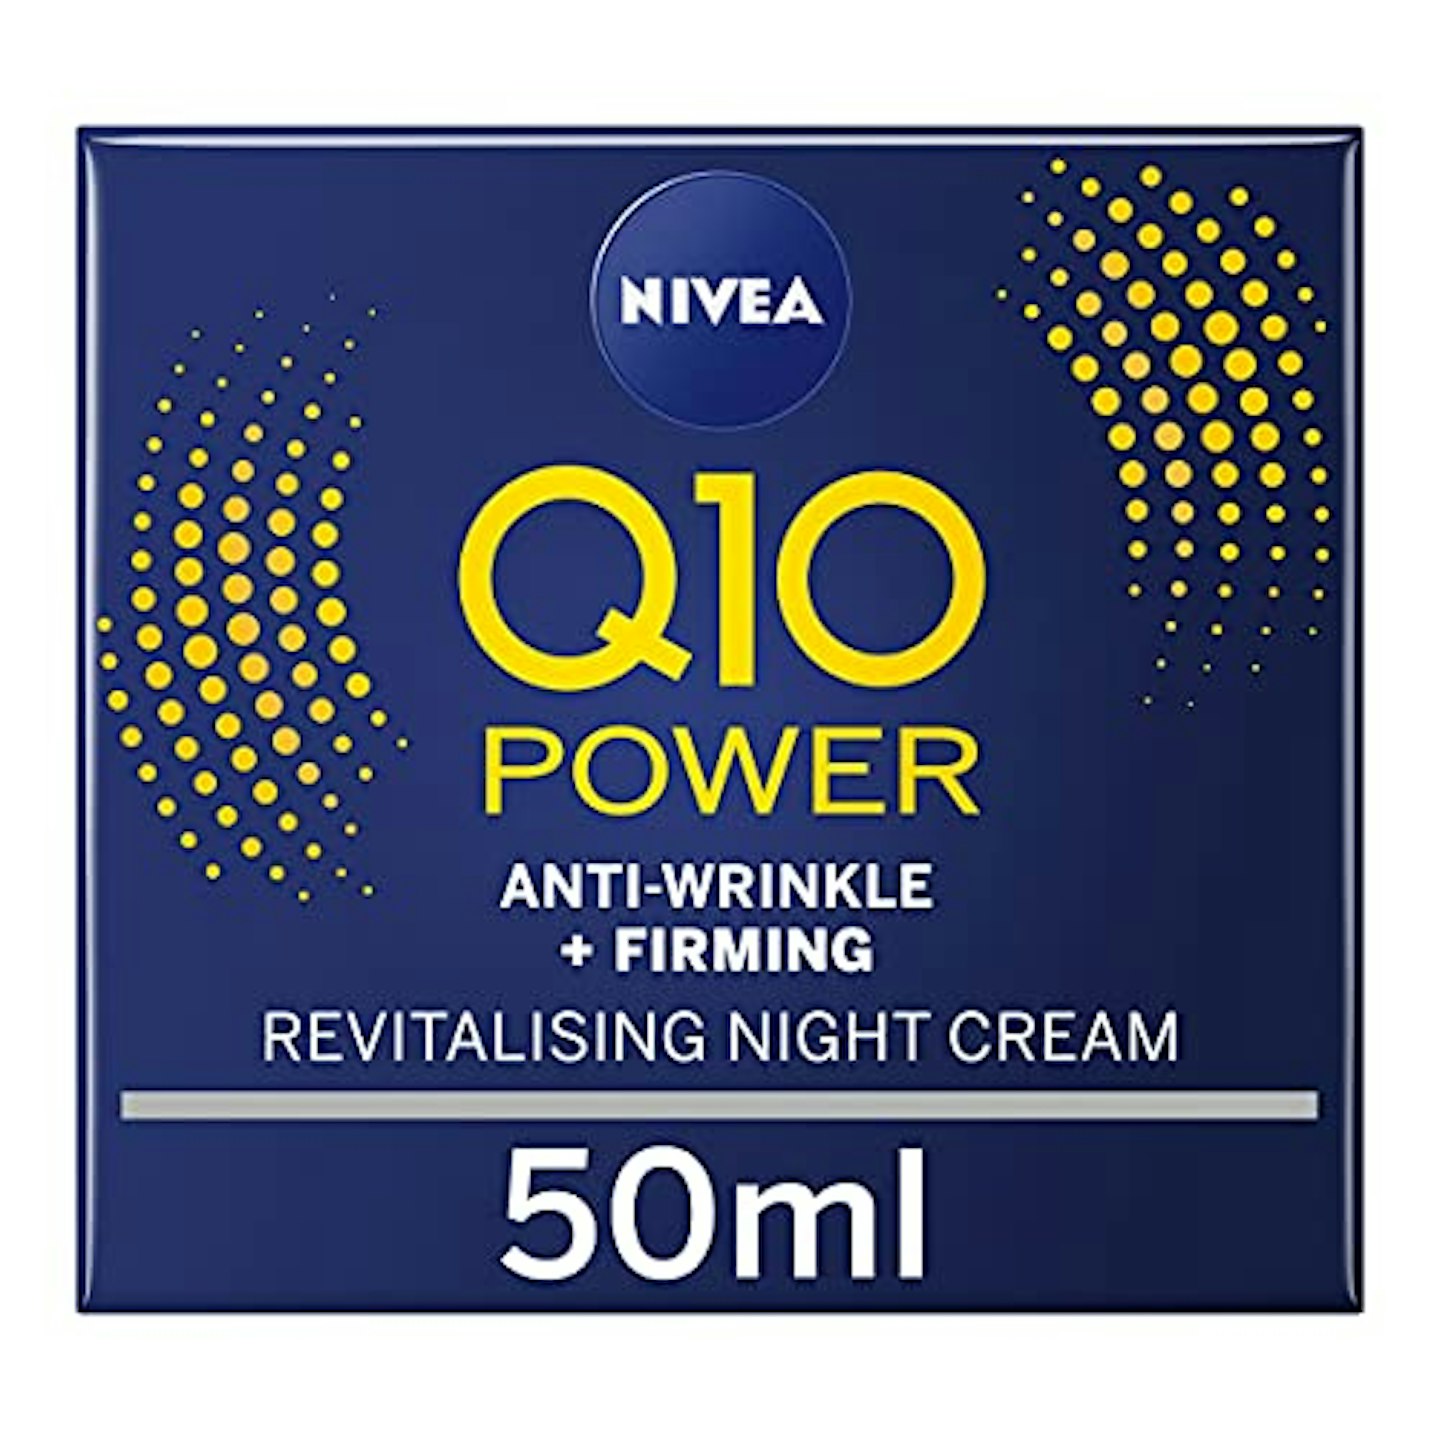 NIVEA Q10 Power Anti-Wrinkle + Firming Night Cream
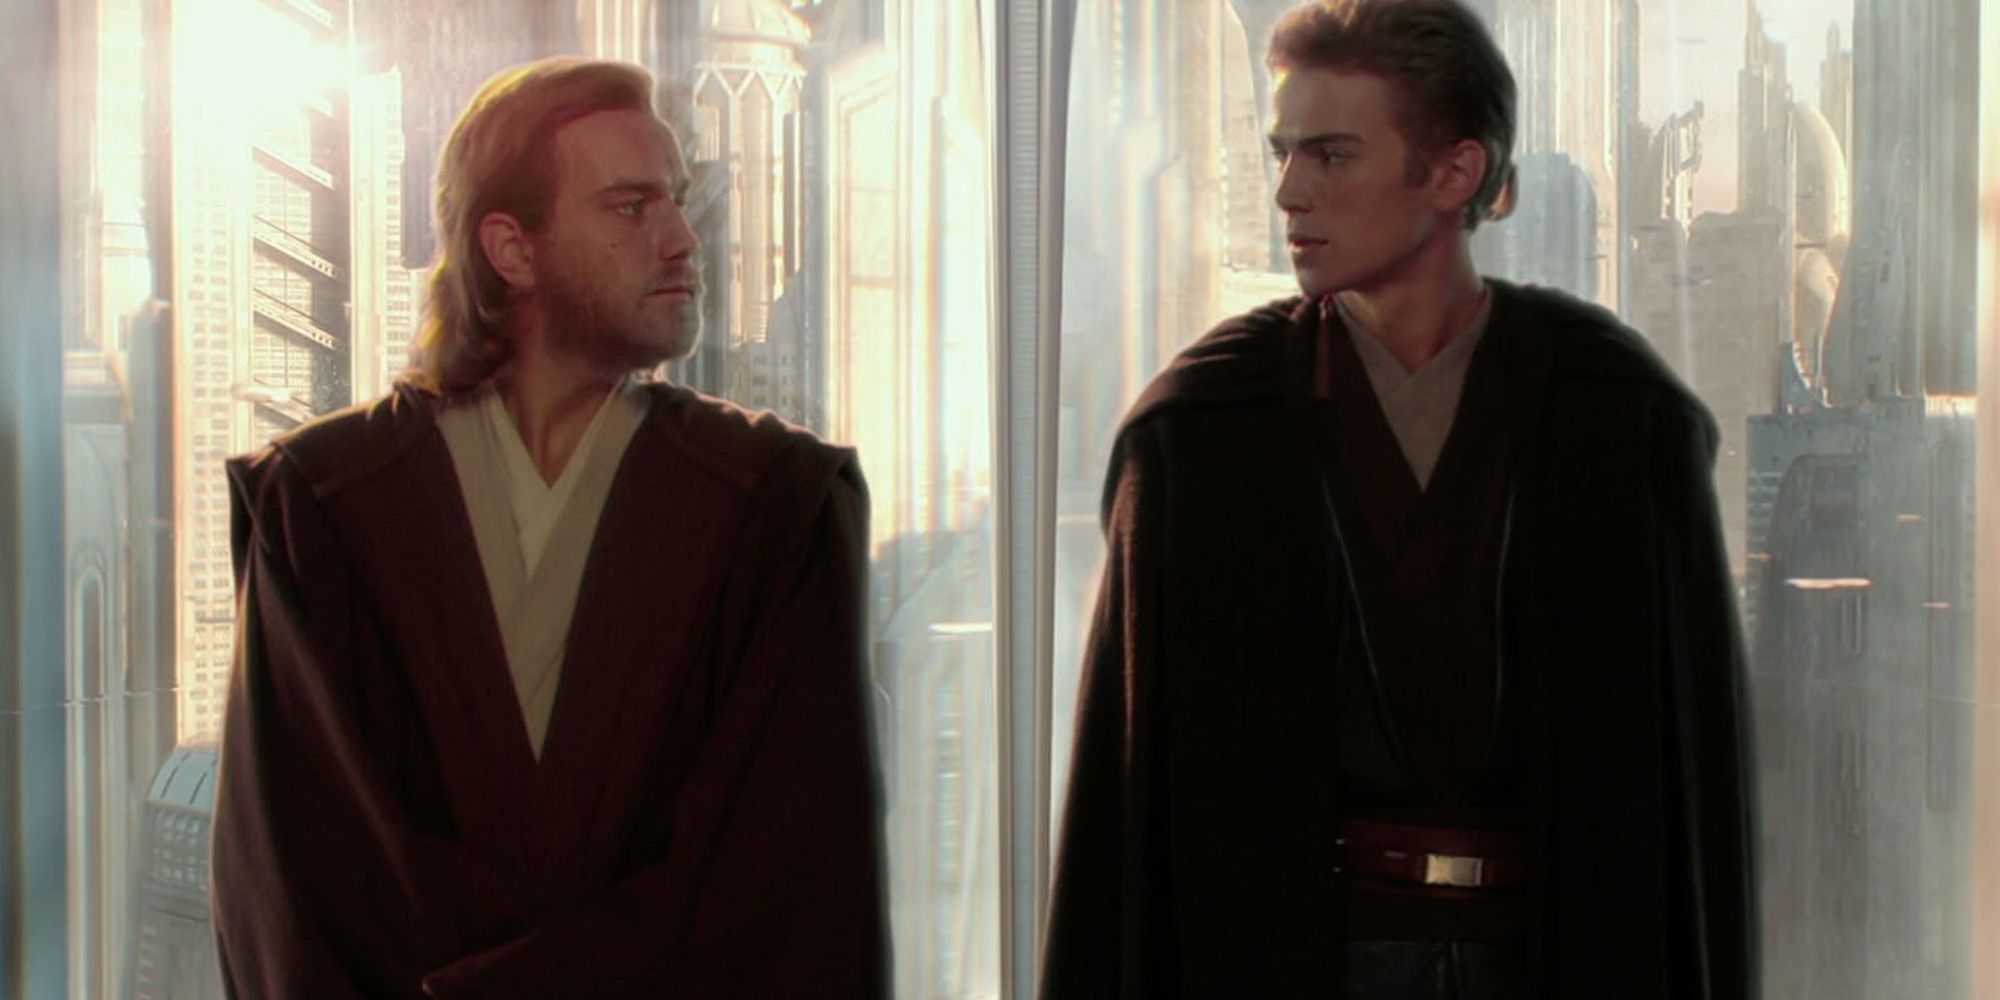 Obi-Wan Kenobi And Anakin Skywalker in Star Wars Attack of the Clones
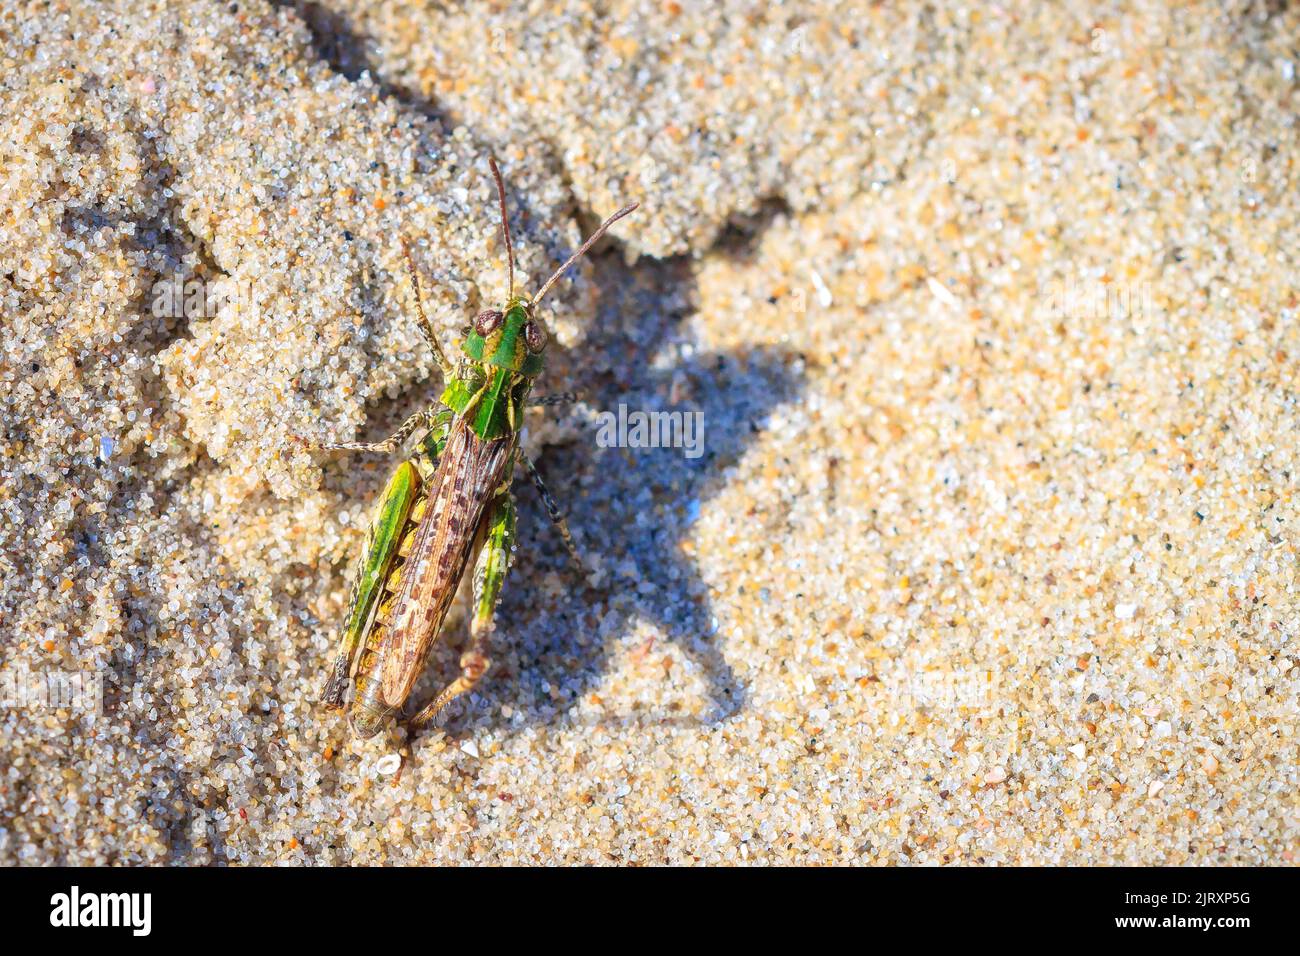 Closeup of a mottled grasshopper, Myrmeleotettix maculatus, resting on sand Stock Photo
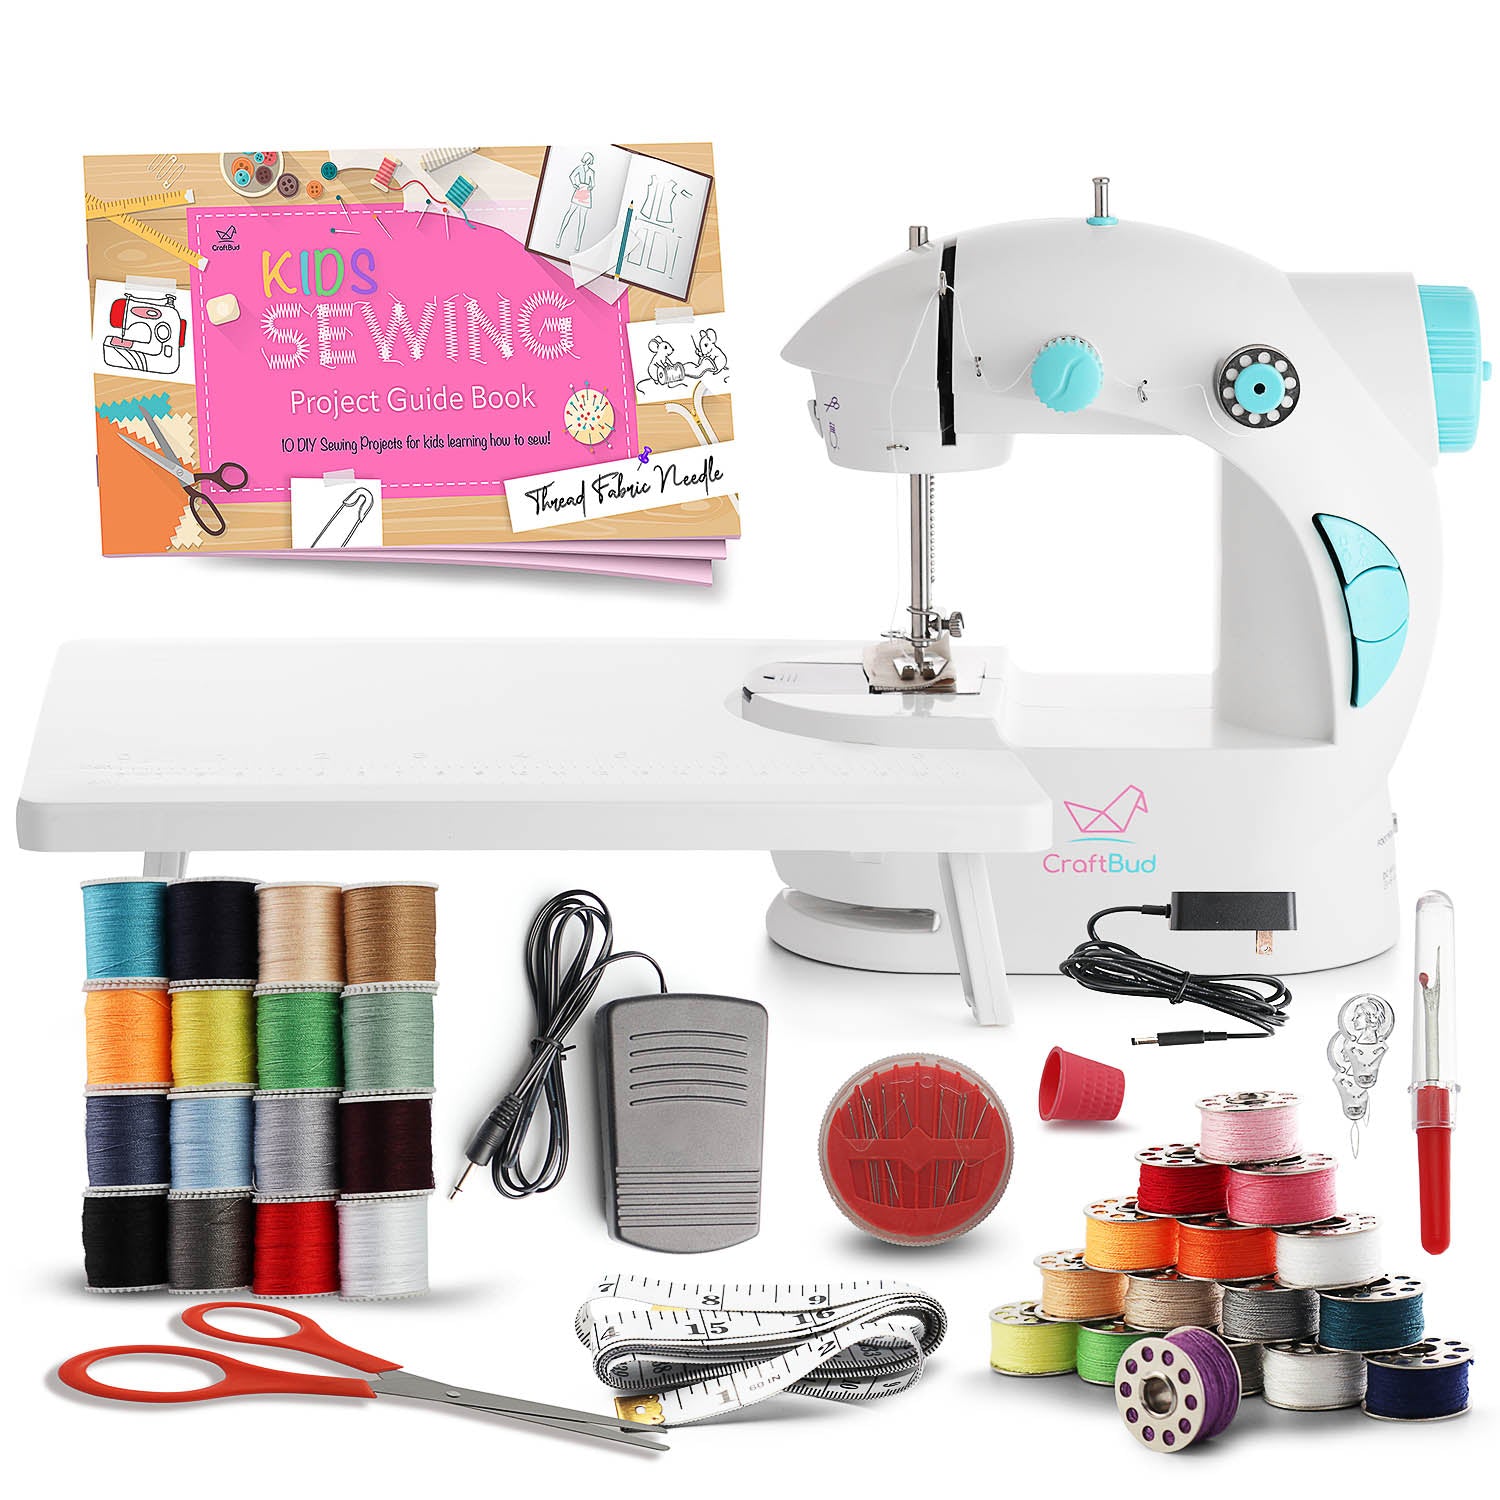 DARTWOOD 251021 Mini Sewing Machine for Beginners and Kids User Manual

* Task details: Your answer must be the lines from the line containing "Obi-Wan Kenobi And" through the final line of the data, written out exactly, both ends included and pictures left out.

* Answer to the exercise:
 Obi-Wan Kenobi And Anakin Skywalker in Star Wars Attack of the Clones
 Closeup of a mottled grasshopper, Myrmeleotettix maculatus, resting on sand Stock Photo
 DARTWOOD 251021 Mini Sewing Machine for Beginners and Kids User Manual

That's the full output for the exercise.